═════ DATA SEGMENT
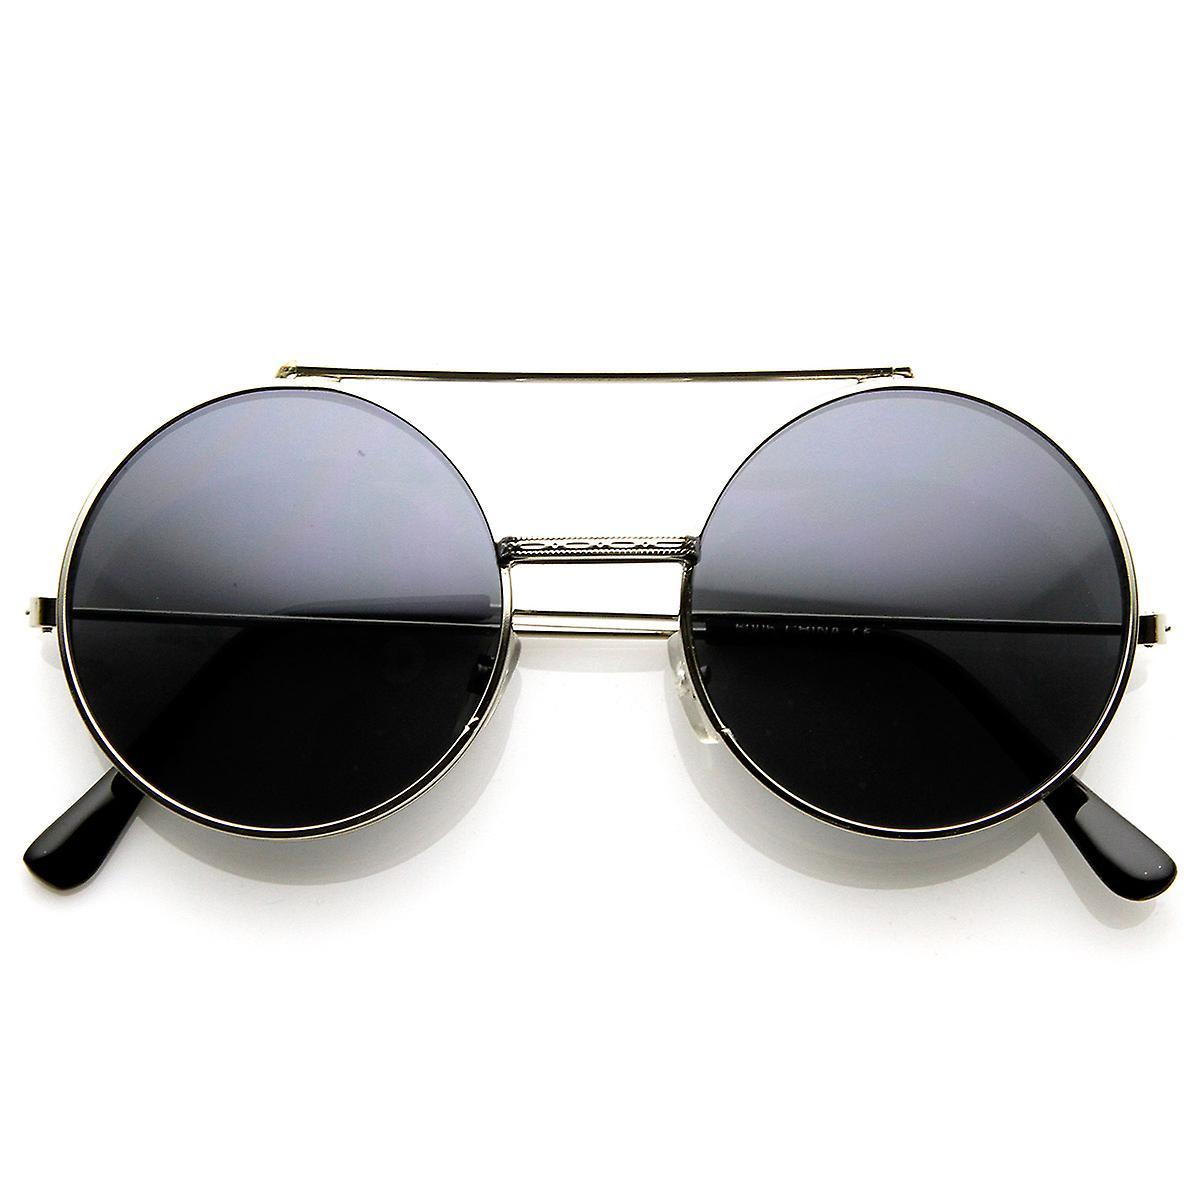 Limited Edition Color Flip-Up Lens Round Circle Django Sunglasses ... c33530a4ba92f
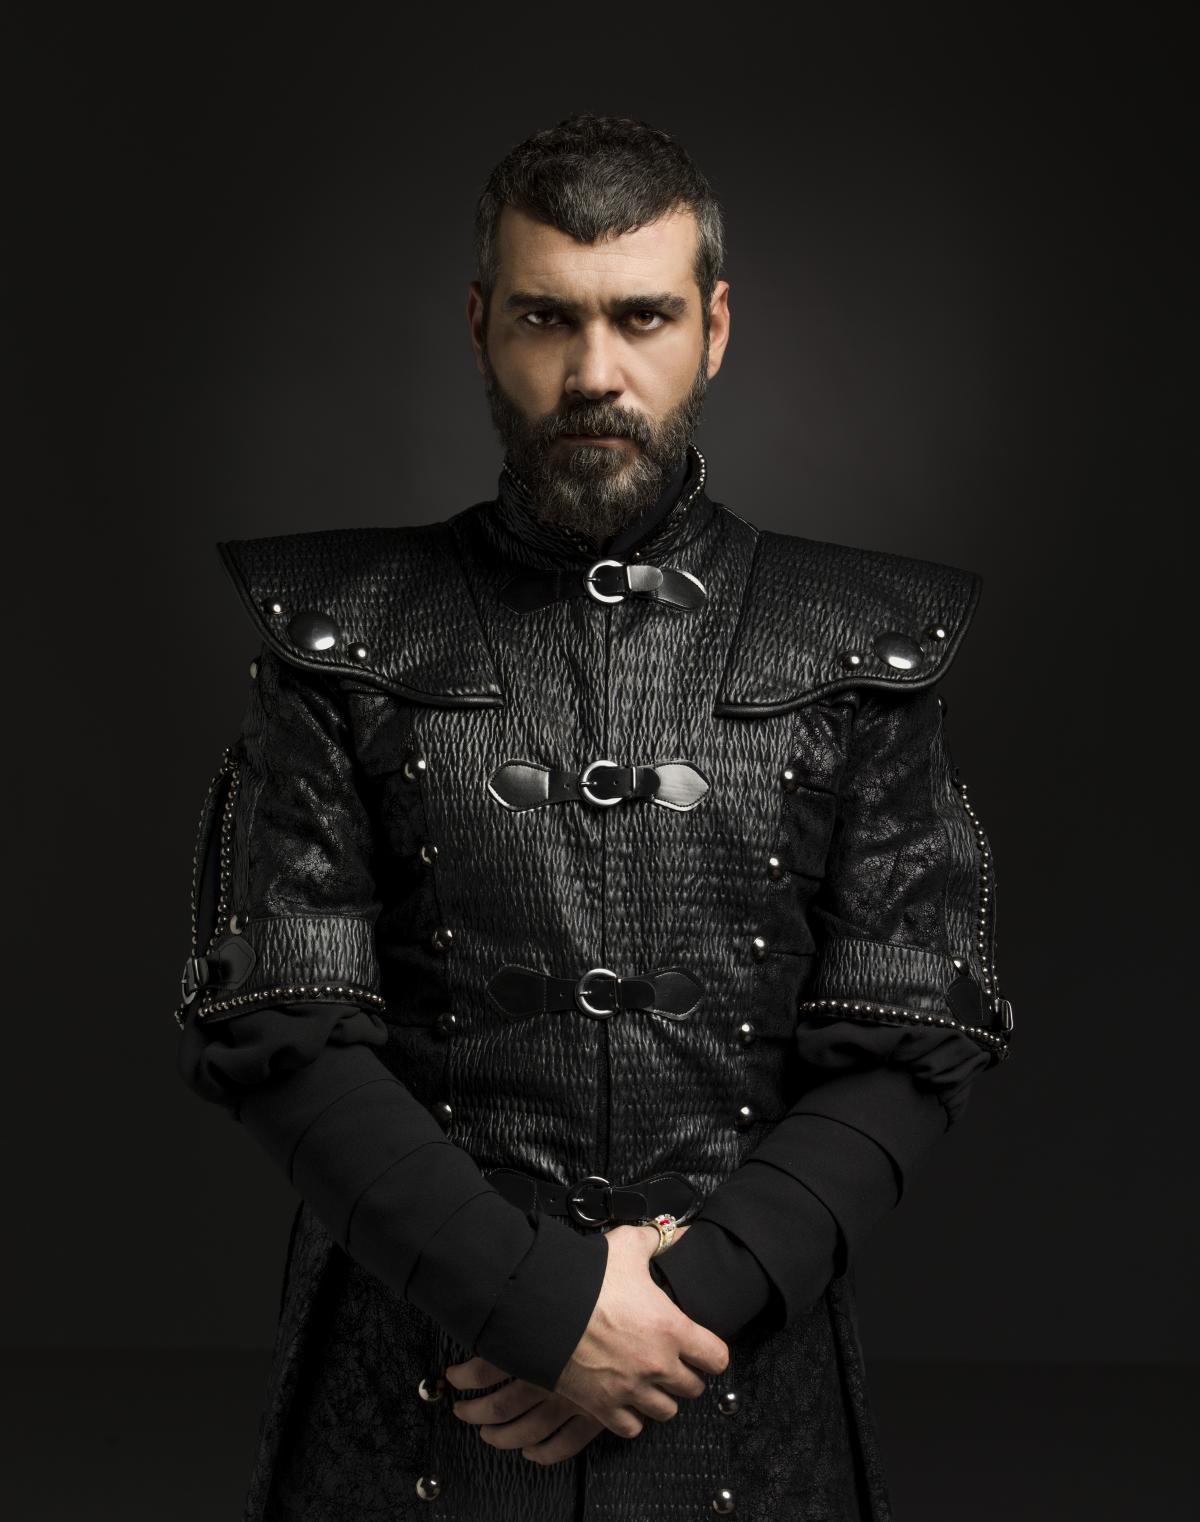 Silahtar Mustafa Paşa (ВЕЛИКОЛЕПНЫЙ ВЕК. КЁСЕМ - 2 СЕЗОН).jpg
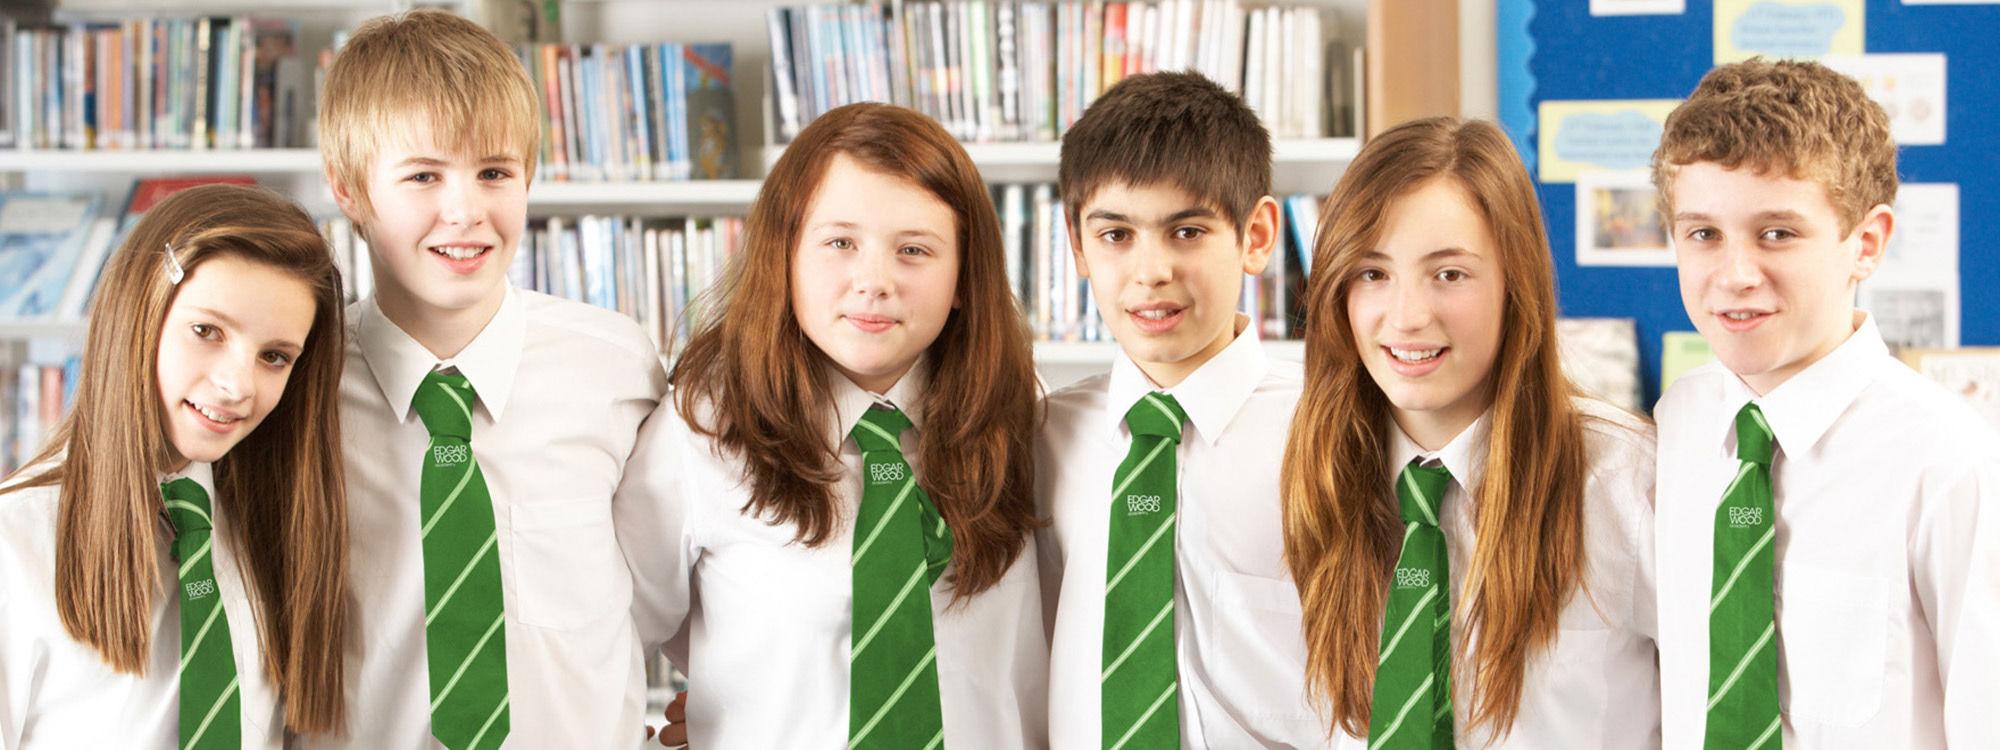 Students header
══════════
PROBLEM STATEMENT – The output should be the lines from the one with "Silahtar Mustafa Paşa" through the end of the material above, both ends included, printed exactly and nothing else. Drop the pictures.

ANSWER FOR THIS EXERCISE –
 Silahtar Mustafa Paşa (ВЕЛИКОЛЕПНЫЙ ВЕК. КЁСЕМ - 2 СЕЗОН).jpg
 Students header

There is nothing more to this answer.